Recorded data

________________

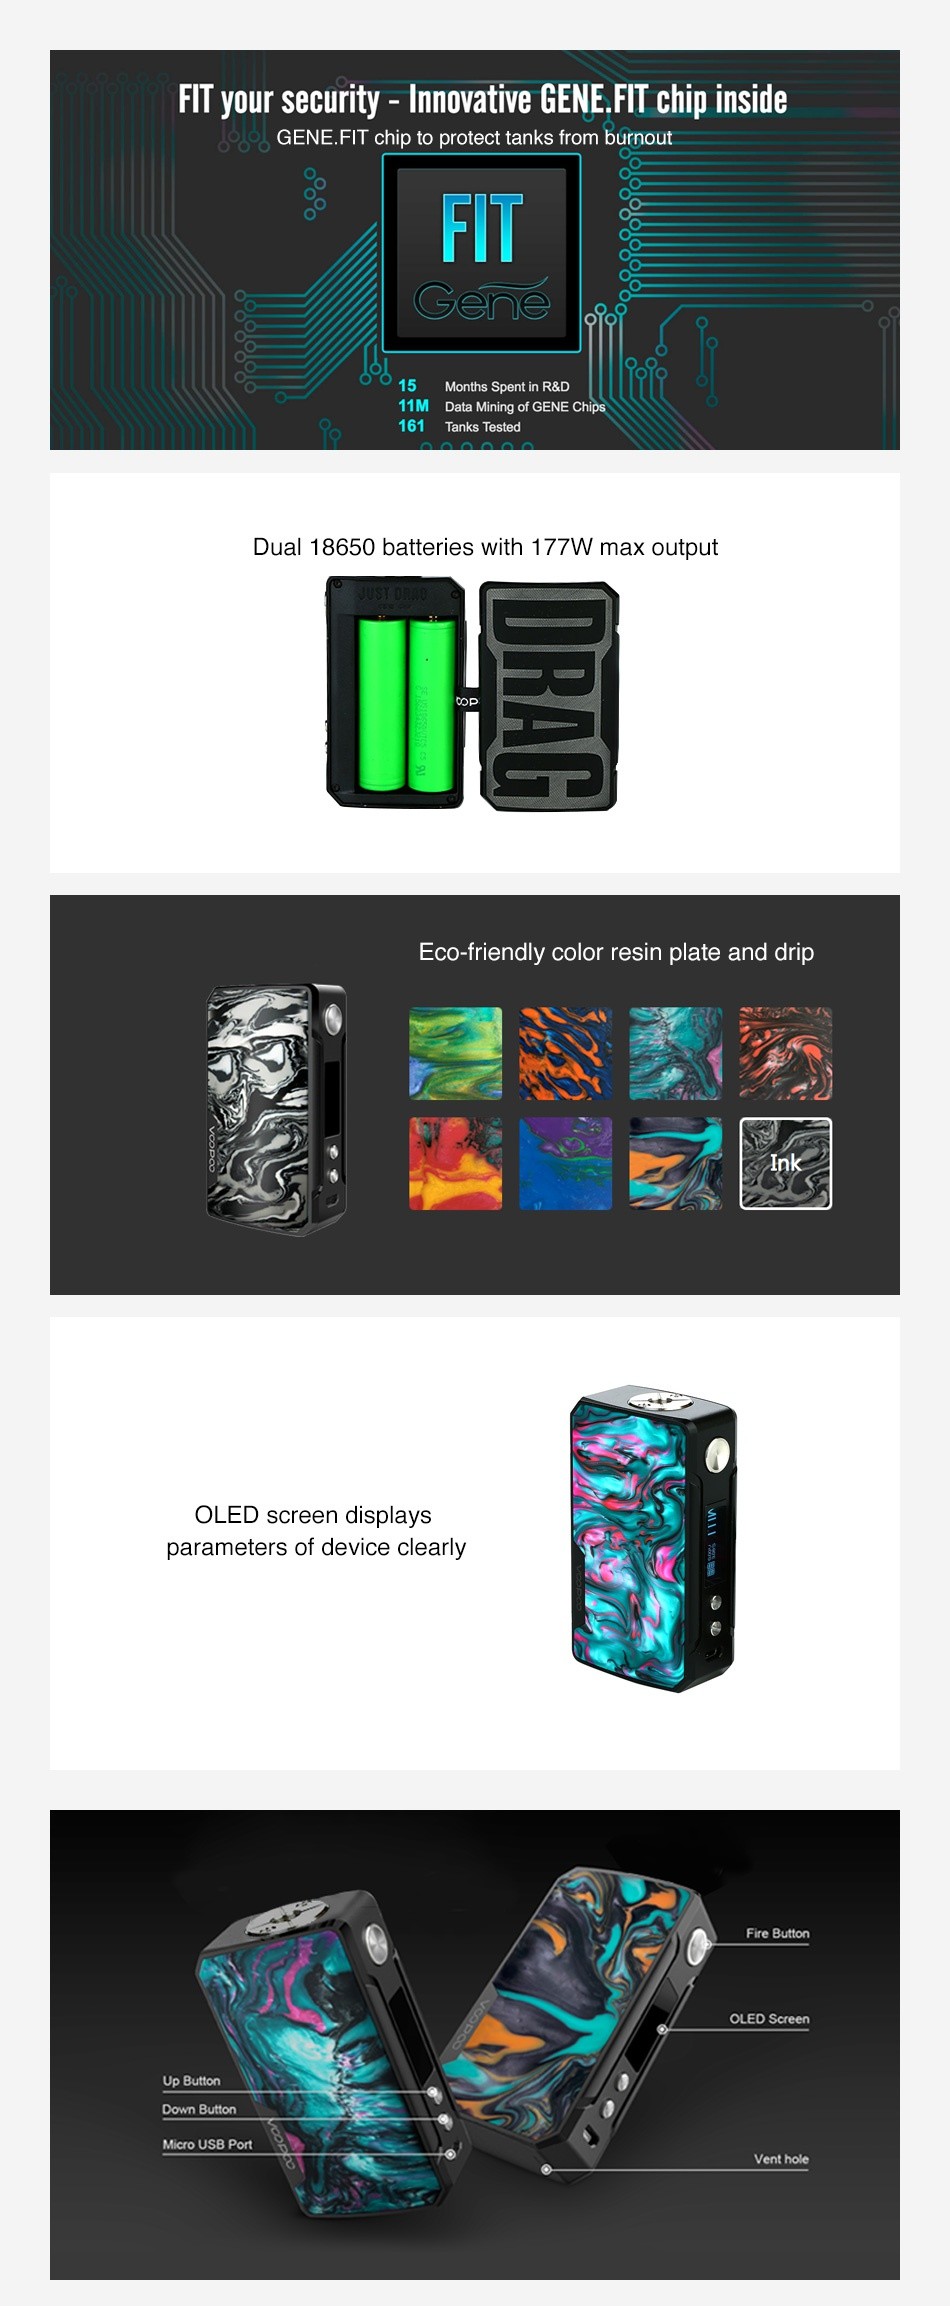 [Coming soon] VOOPOO Drag 2 177W TC Box MOD FIT your security  Innovative GENE FIT chip inside loo GENE FIT chip to protect tanks from burnout FIT 15 Months Spent in R D ata Mining of GENE Chips 161 Tanks Tested Dual 18650 batteries with 177W max output Eco friendly color resin plate and drip OLED screen displays parameters of device clearly Fire Button OLED Screen Vent hole
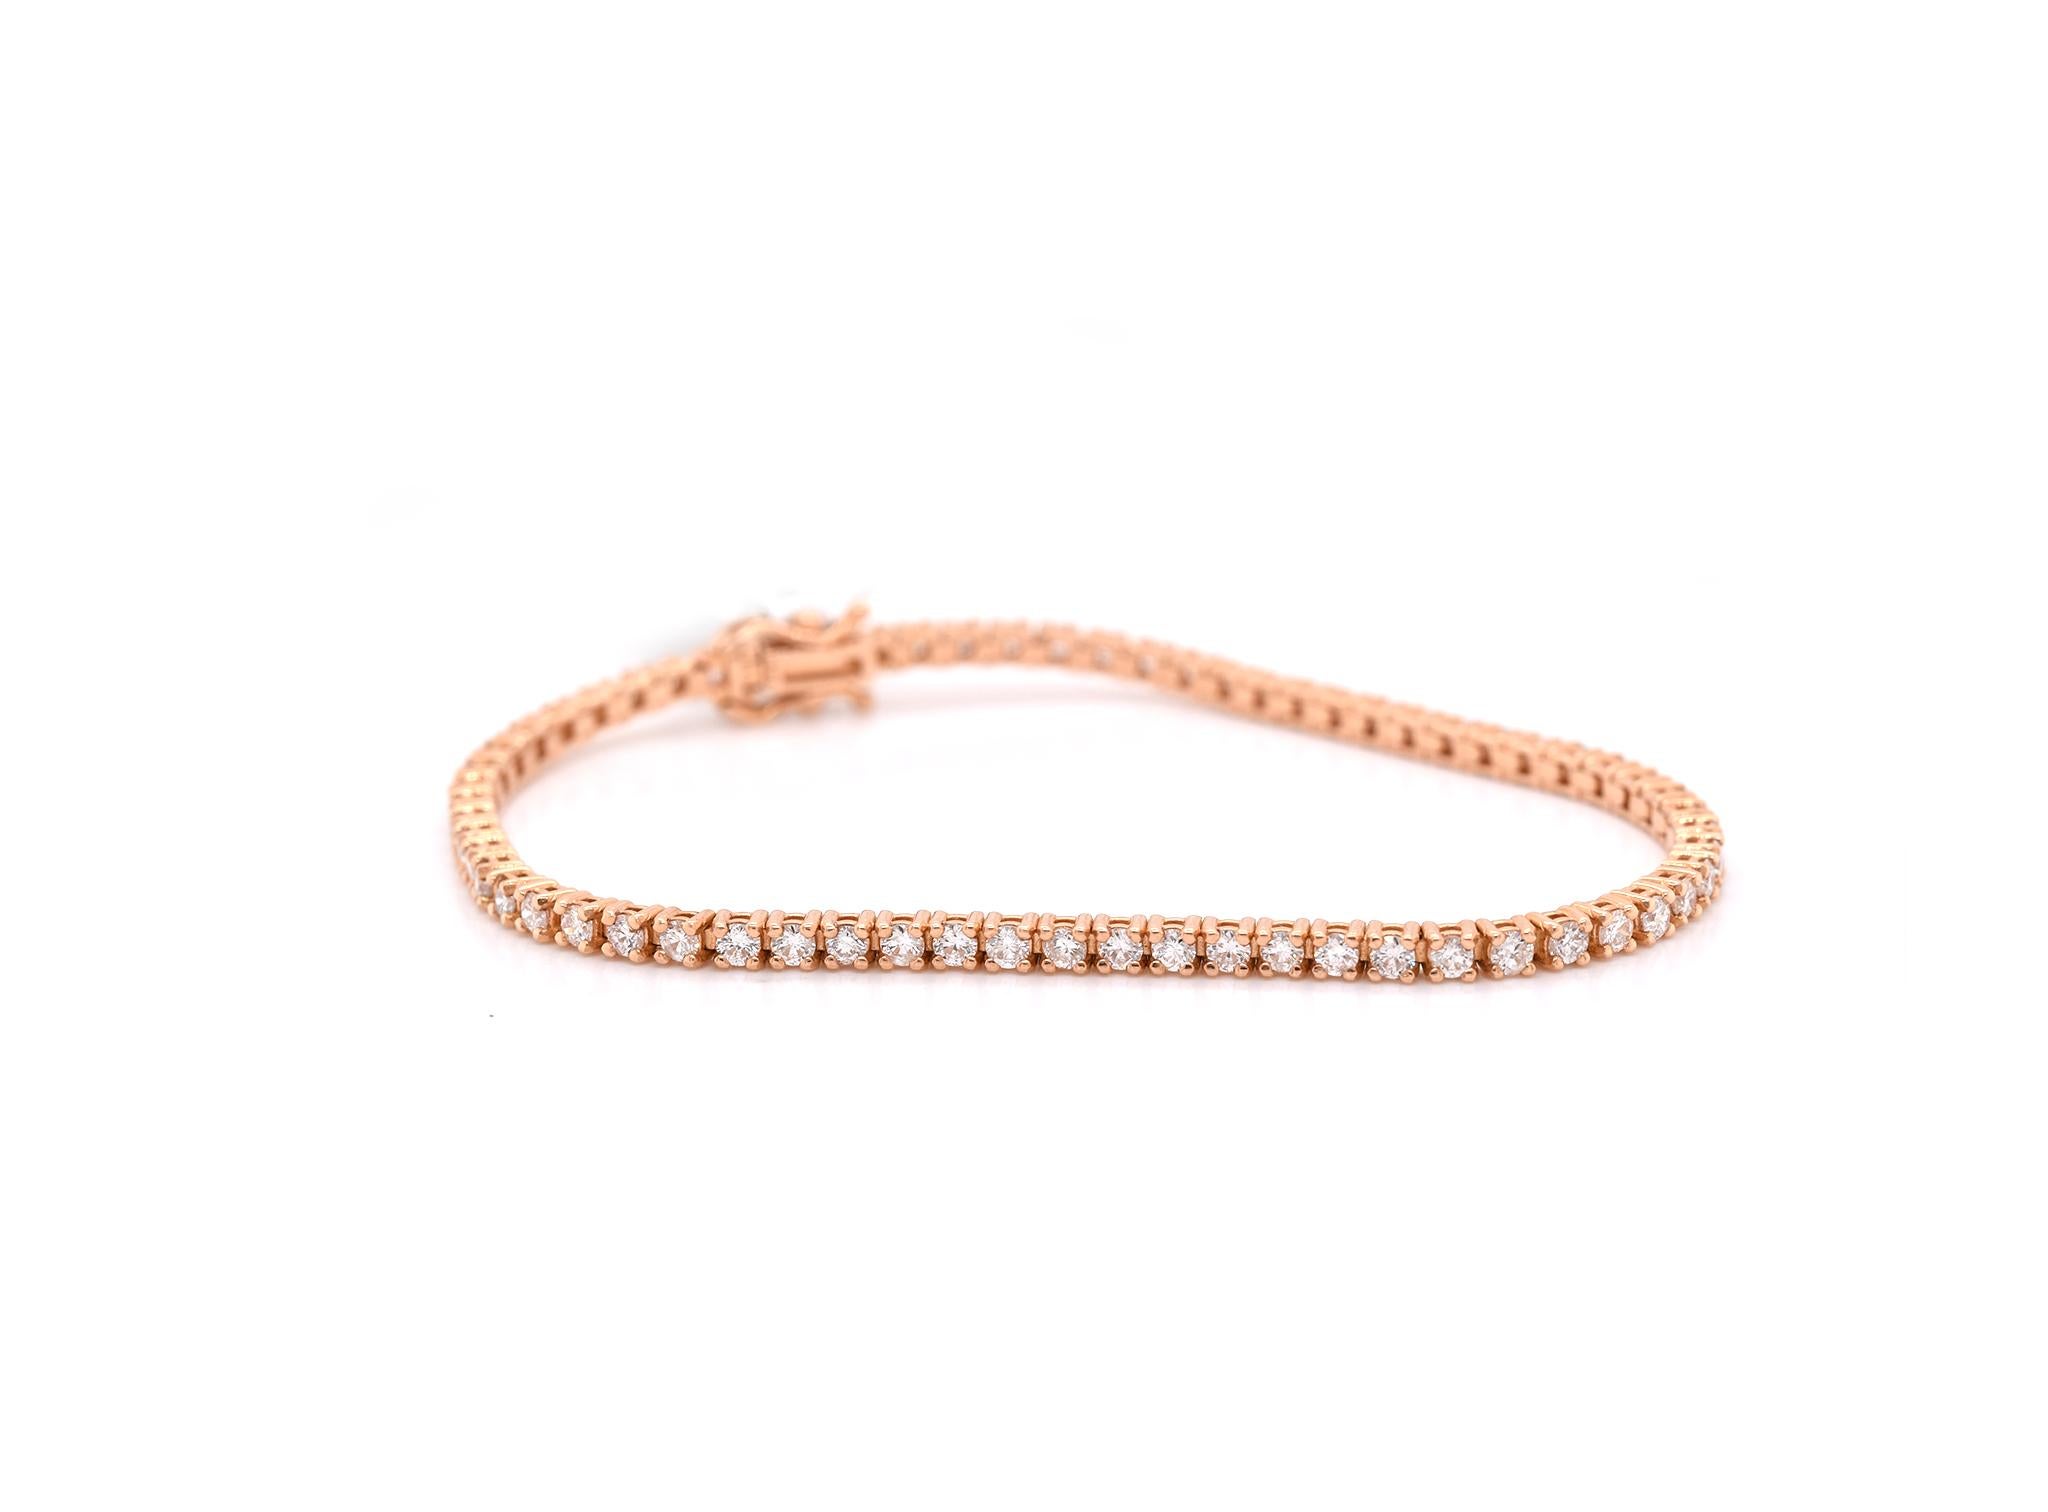 Material: 18k rose gold
Diamonds: 65 round brilliant cuts = 2.65cttw
Color: G
Clarity: VS1-2
Dimensions: bracelet measures 7-inches in length
Weight: 9.58 grams

________________

Please return exactly the lines that run from the line with "Dimensions: bracelet measures" through the end of the records above, both included, and nothing more.

Dimensions: bracelet measures 7-inches in length
Weight: 9.58 grams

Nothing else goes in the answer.